Guest essay from Thomas M. Hanna, the Senior Research Assistant at The Democracy Collaborative at the University of Maryland.
“I’m a free market guy. But I’m not gonna let this economy crater in order to preserve the free market system” – George W. Bush, December 17, 2008
At the heart of the present debate on how to address the continuing political stalemate and economic decay in America are some fundamental misconceptions about the nature and operation of the current system. Many Americans—and not just avowed conservatives—have been led to believe that it is possible to have a “free market” economy, and that the quest to reach it will generate greater prosperity and better social outcomes. Both beliefs are false.

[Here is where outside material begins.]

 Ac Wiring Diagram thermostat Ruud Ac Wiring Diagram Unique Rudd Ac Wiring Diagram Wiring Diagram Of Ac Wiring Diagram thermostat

It is highly unlikely that in the entire course of human history there has ever been a real-world economy comprised of completely “free” markets—that is, one in which all economic exchanges take place in the absence of any form of “coercion,” be it coercion between two parties (such as withholding information, fraud, corruption, non-payment, theft, slavery, price-fixing, etc.) or so-called “legal coercion” in the form of government taxation, regulation, subsidies, and so on. Certainly there are no examples in the modern capitalist era.
While pure mathematic models that control for variables and make certain assumptions (such as perfect competition) can suggest that in certain cases free markets may be optimal, in reality the notion of “peaceful competition of producers and suppliers…in which everyone benefits and where everyone’s living standard flourishes,” as the late Austrian School economist Murray Rothbard described it, has no historical basis. It ignores real-world power relationships, and is arguably completely unattainable given human nature. (i)
However, since the mid-1970s this free market myth has risen to dominance in economic and political decision-making in United States and has been exported around the world to developing countries and those transitioning out of communism. In the process, “government” has been labeled as the prime impediment to the achievement of this free market utopia. Thus deregulation, privatization, and market liberalization have been relentlessly pursued while moderate social democratic achievements such as retirement security, workplace safety, union rights, anti-trust enforcement, and public healthcare systems have been vigorously attacked. What has been the result?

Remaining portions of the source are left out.